François Huaux

Absence of Carcinogenic Response to Multiwall Carbon Nanotubes in a 2-Year Bioassay in the Peritoneal Cavity of the Rat

Toxicological investigations of carbon nanotubes have shown that they can induce pulmonary toxicity, and similarities with asbestos fibers have been suggested. We previously reported that multiwall carbon nanotubes (MWCNT) induced lung inflammation, granulomas and fibrotic reactions. The same MWCNT also caused mutations in epithelial cells in vitro and in vivo. These inflammatory and genotoxic activities were related to the presence of defects in the structure of the nanotubes.
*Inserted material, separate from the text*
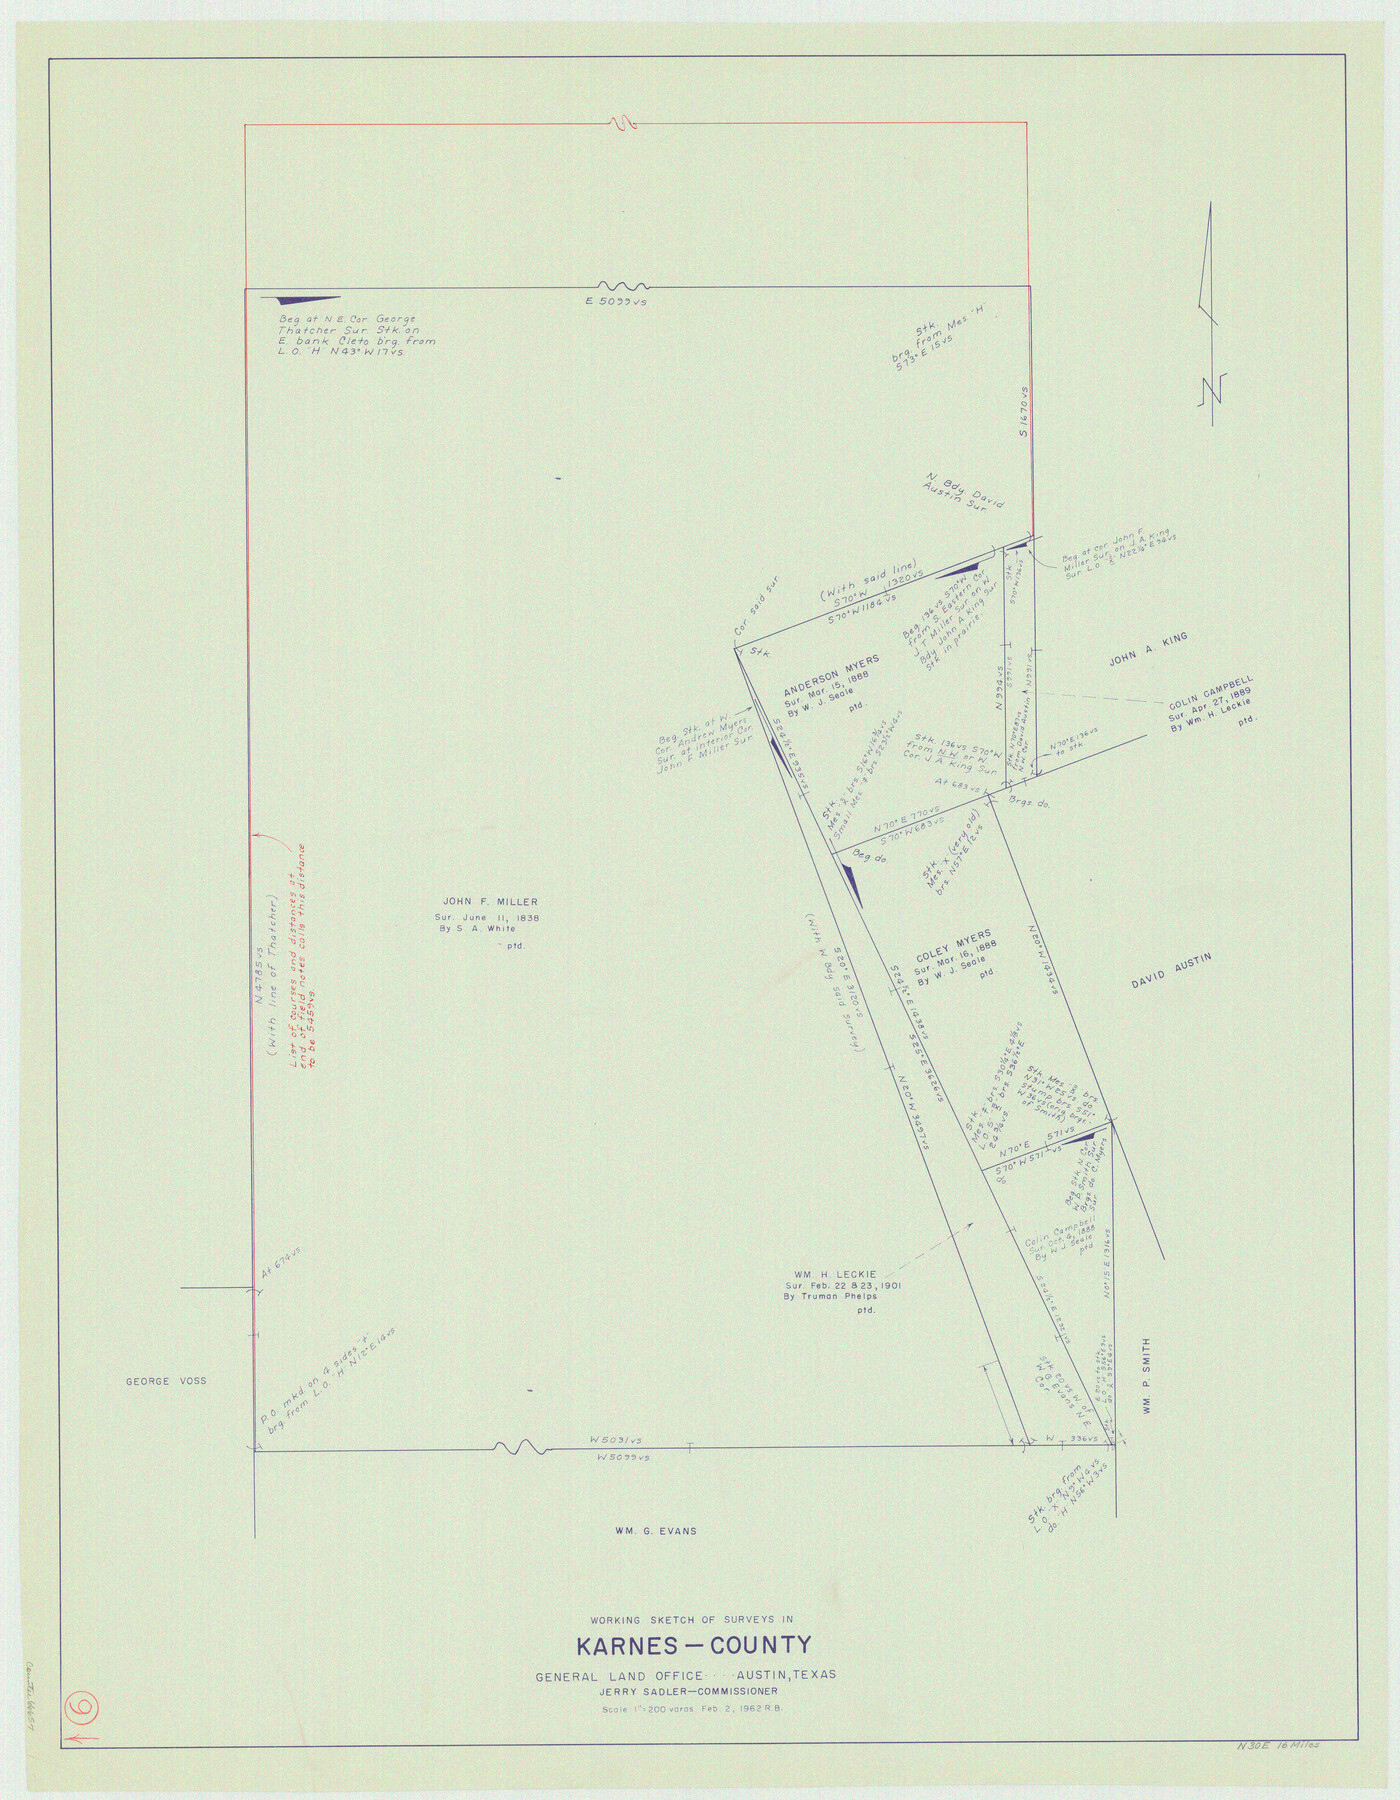 66657, Karnes County Working Sketch 9, General Map Collection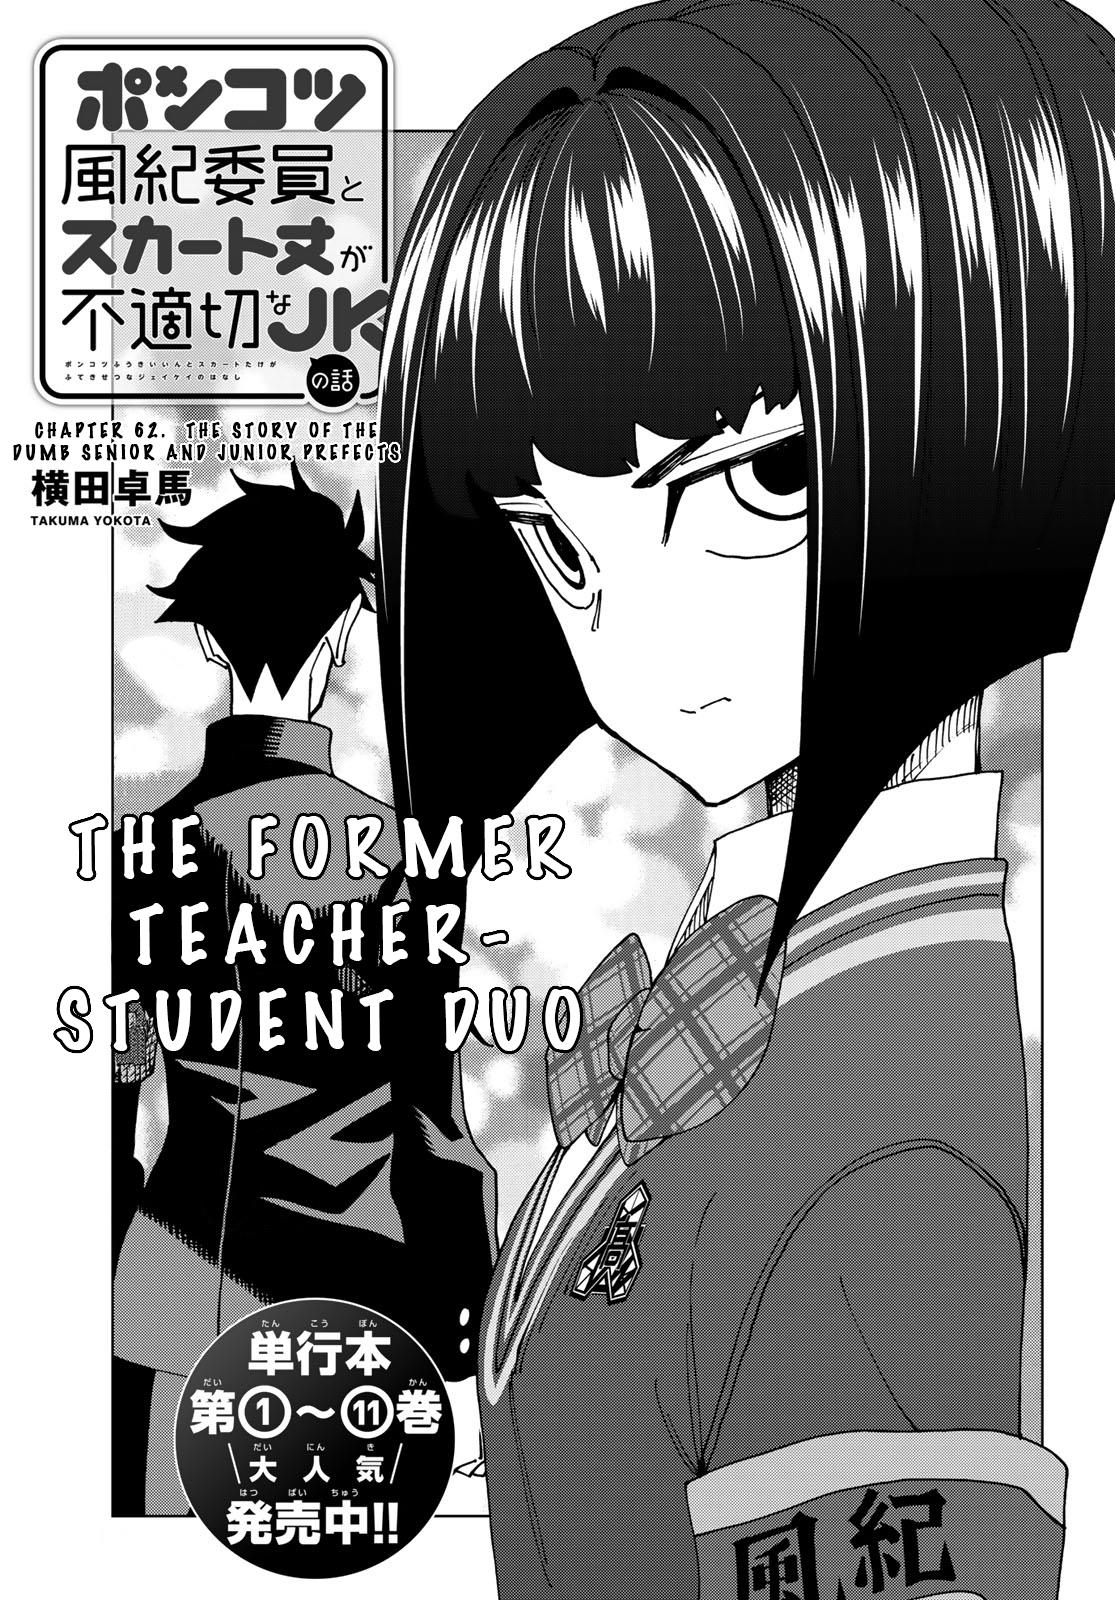 The Story Between A Dumb Prefect And A High School Girl With An Inappropriate Skirt Length Chapter 62: The Story Of The Dumb Senior And Junior Prefects - Picture 2

In view of the strong links between inflammation, mutations and cancer, these observations prompted us to explore the carcinogenic potential of these MWCNT in the peritoneal cavity of rats. The incidence of mesothelioma and other tumors was recorded in three groups of 50 male Wistar rats injected intraperitoneally with a single dose of MWCNT with defects (2 or 20 mg/animal) and MWCNT without defects (20 mg/animal). Two additional groups of 26 rats were used as positive (2 mg UICC crocidolite/animal) and vehicle controls. After 24 months, although crocidolite induced a clear carcinogenic response (34.6% animals with mesothelioma vs. 3.8% in vehicle controls), MWCNT with or without structural defects did not induce mesothelioma in this bioassay (4, 0, or 6%, respectively). The incidence of tumors other than mesothelioma was not significantly increased across the groups. The initial hypothesis of a contrasting carcinogenic activity between MWCNT with and without defects could not be verified in this bioassay. We discuss the possible reasons for this absence of carcinogenic response, including the length of the MWCNT tested (< 1 mum on average), the absence of a sustained inflammatory reaction to MWCNT, and the capacity of these MWCNT to quench free radicals.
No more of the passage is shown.